So I know some stuff about Deextinction that makes me feel like it’s unlikely but from doing some research I wasn’t really sure what the answer is.
I know with the wooly mammoth that they are working on they couldn’t actually find complete dna even with some solid samples in decent environmental conditions (frozen in the arctic) and they went extinct MUCH more recently than dinosaurs. They only got bits and pieces of it because it degrades too fast so now they are basically just designing a new animal that’s a hairy elephant with tusks.
This makes me think that dna just degrades too fast for us to find complete dna from that long ago. Based on what I was reading it seems like the whole getting dna from mosquitos in amber and stuff isn’t really possible.
Is it possible there is still Dino dna out there in the world that we just either havnt found or havnt figured out how to be able to access yet? Obviously there is always a possibility but I mean some type of science that could lead to that conclusion? Based on the wooly mammoth it seems like if we got some decent parts of dna we could bring back some alternate version of dinosaurs
In: Biology
[This environmental DNA](https://www.nature.com/articles/s41586-022-05453-y) is, as far as I know, the oldest DNA that’s ever been sequenced, about 2 million years. From what i can tell, it survived because it was both frozen and adsorbed onto the surface of rocks.

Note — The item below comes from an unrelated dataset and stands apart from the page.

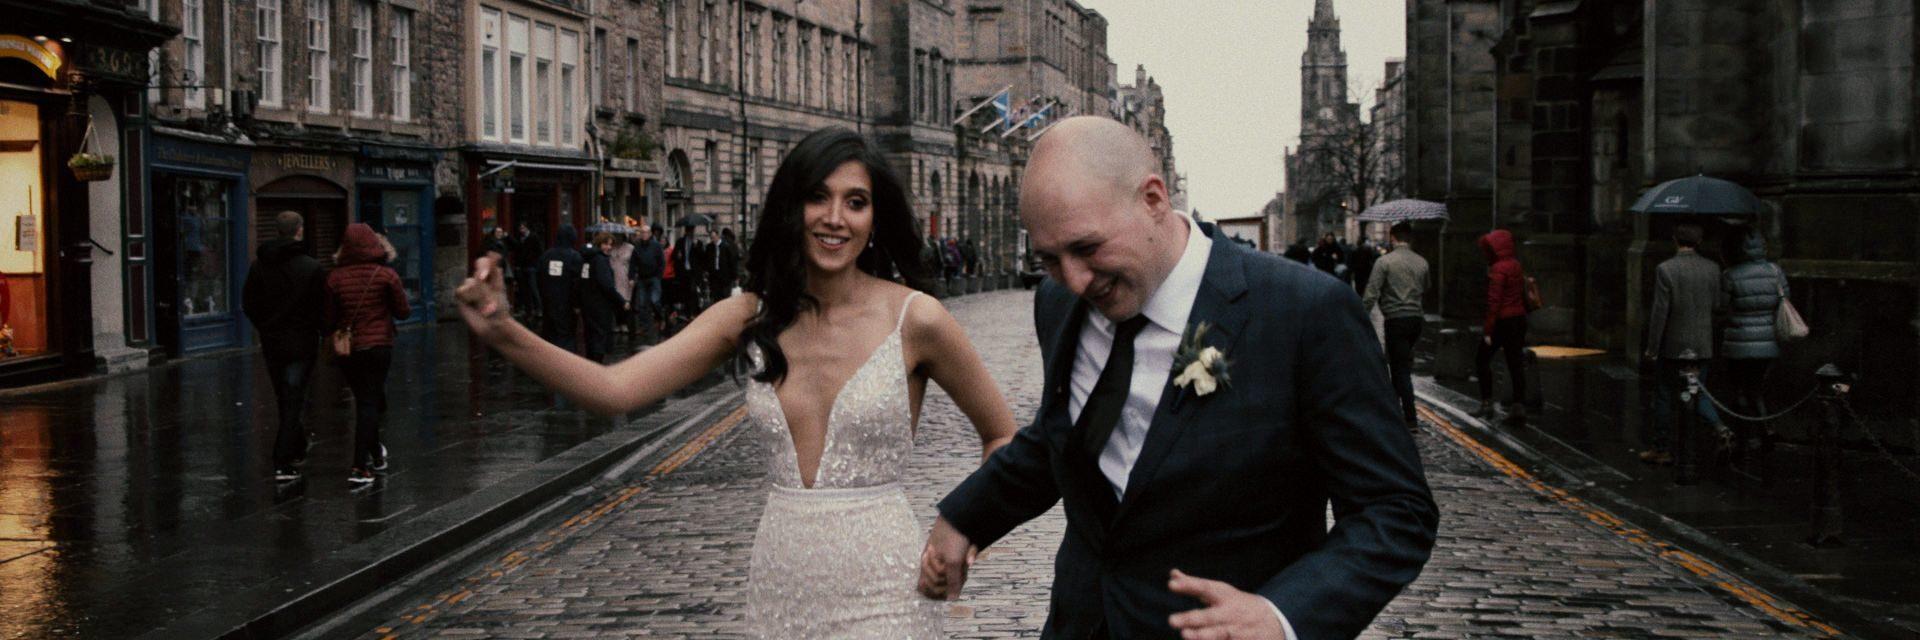 Sicily-wedding-videographer-cinemate-films-04
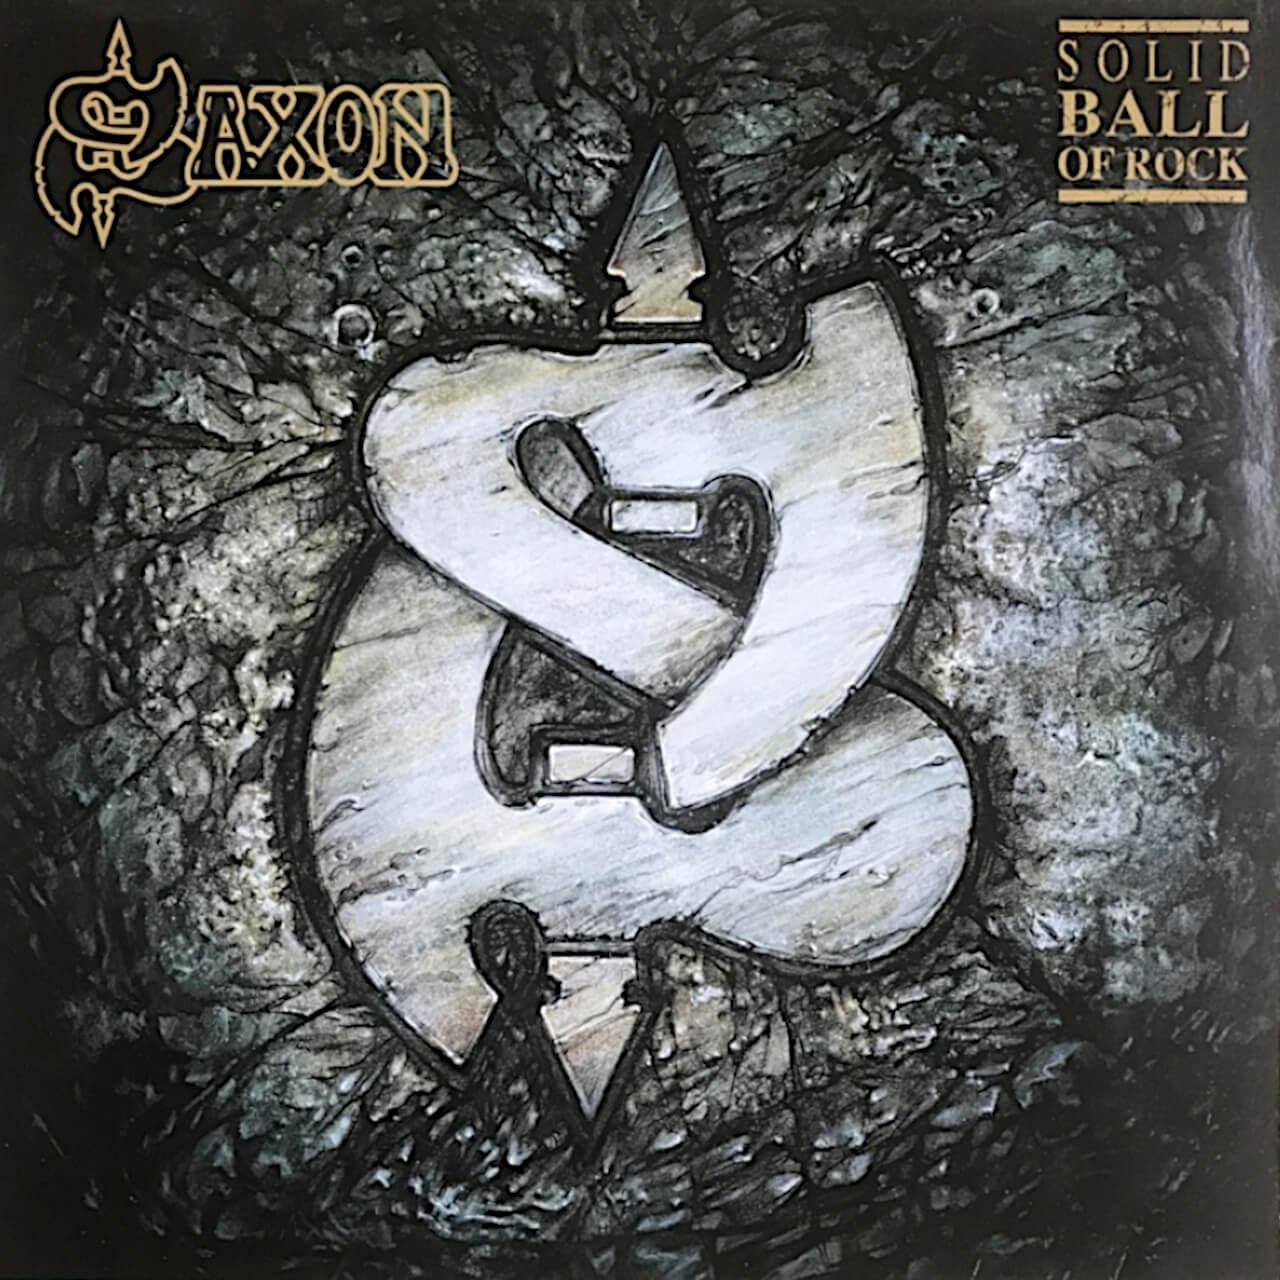 Saxon Ball de rock sòlid

The stuff that was successfully sequenced was about, they say, 50bp long.
I work in genomics. Thankfully I don’t have to sequence ancient DNA, but I have a colleague who sequences butterflies from museum collections and I can tell you on his behalf – sequencing old DNA is incredibly hard to do. It’s short, a lot of it is single stranded, there are nicks, some of the bases are chemically changed, and you have almost nothing to work with.
Normally when you sequence something, you break it up into millions of tiny ~150-300bp pieces, make billions of copies of those pieces, and then put it through a machine that tells you which base it reads, and then a very clever person has to use a lot of complicated informatics to put those tiny pieces together into the right order according to a reference. It’s like a jigsaw made of billions of letters.
Working with ancient DNA is like having a jigsaw puzzle where the pieces are the size of a mustard seed, the edges are all broken so you can’t tell what fits where, you lost the picture on the box, and you have to do the puzzle perfectly on the first try because no one sells that puzzle any more.
Past much further than a few million years, all you’ll have left is single nucleotides (if that!), and that’d be like trying to write War and Peace by throwing a sack full of individual letters on the ground.